I know exactly what day she is remembering. We were staying in the hills just south of Florence taking a walk overlooking the olive trees surrounding our apartment.

A nearby church tower began chiming. Then another joined in from farther away. And another. They played off each other and continued for a good five or ten minutes. The bell chimes bounced off the distant hills and filled the air. This chorus of bells against a backdrop of silence stopped us in our tracks as we listened. When my husband and I lived in Italy, the sounds of church bells were an everyday occurrence – we hardly noticed some days. But on that day it was a beautiful and memorable shared experience between mother and daughter.

My daughter’s memory reminds me that I do miss the church bells. I don’t hear them at home. When we lived in Italy,  the local town church chimed an unfogettable and beautiful song only on Sundays. So over the years, I’d often sit on our balcony high up on the hill and listen. I knew I could count on hearing it each week. My mother recognized the song as ”Ave Maria di Lourdes” because she listened to it as a child growing up in Germany. To confirm it was the song, I found a version on youtube.  Take a listen and perhaps it will take you back to a country or time that is special to you.
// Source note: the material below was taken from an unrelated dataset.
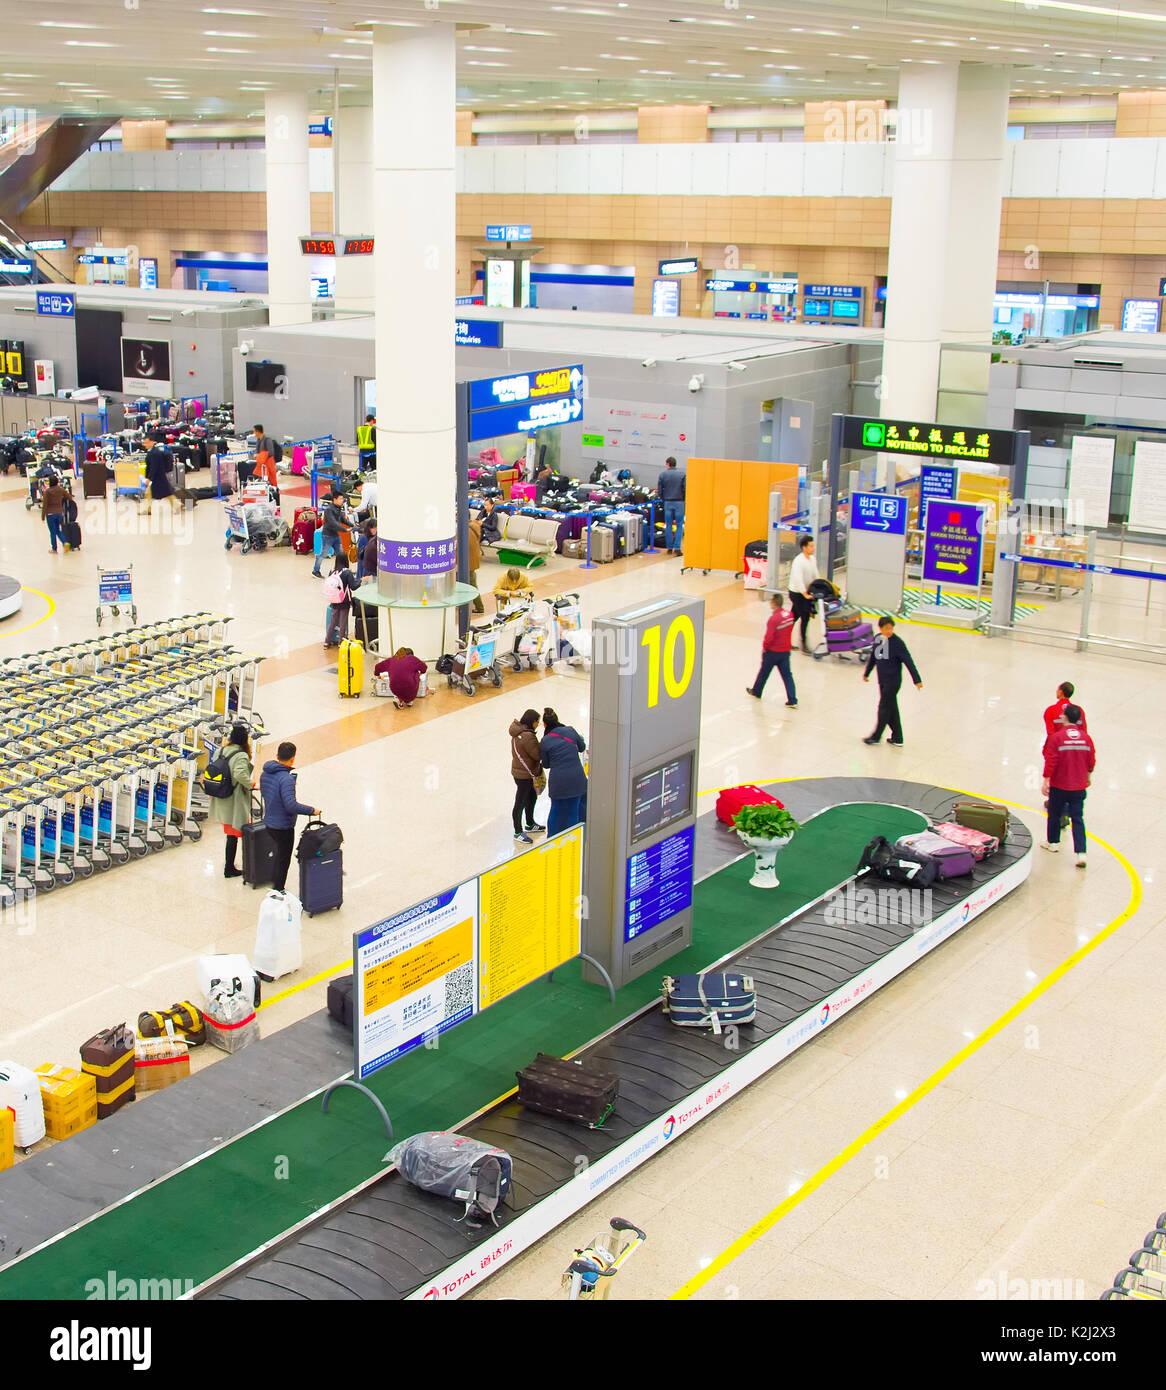 SHANGHAI, Cina - 26 DIC 2106: persone all'Aeroporto di Shanghai Pudong arrivo contatore di immigrazione. Dall'Aeroporto di Pudong è un importante hub di aviazione della Cina Immagini Stock

travel is the best investment for kids

It’s back to school time and I agree with whoever said public schools should sponsor and promote ‘travel teams’ much like sports teams, because of the  life lessons the act of traveling provides young people. Our trip to Italy earlier this summer has left a lasting impression on our two children and reinforced a key family value of the importance of exposing them to different cultures from an early age – even if it’s a trade-off to a bigger house, newer appliances or a nicer car.

Stazione Santa Lucia, Venice

Read about my tips on traveling in Italy with kids here through my interview this month with travel, art and culture blog, This is My Happiness.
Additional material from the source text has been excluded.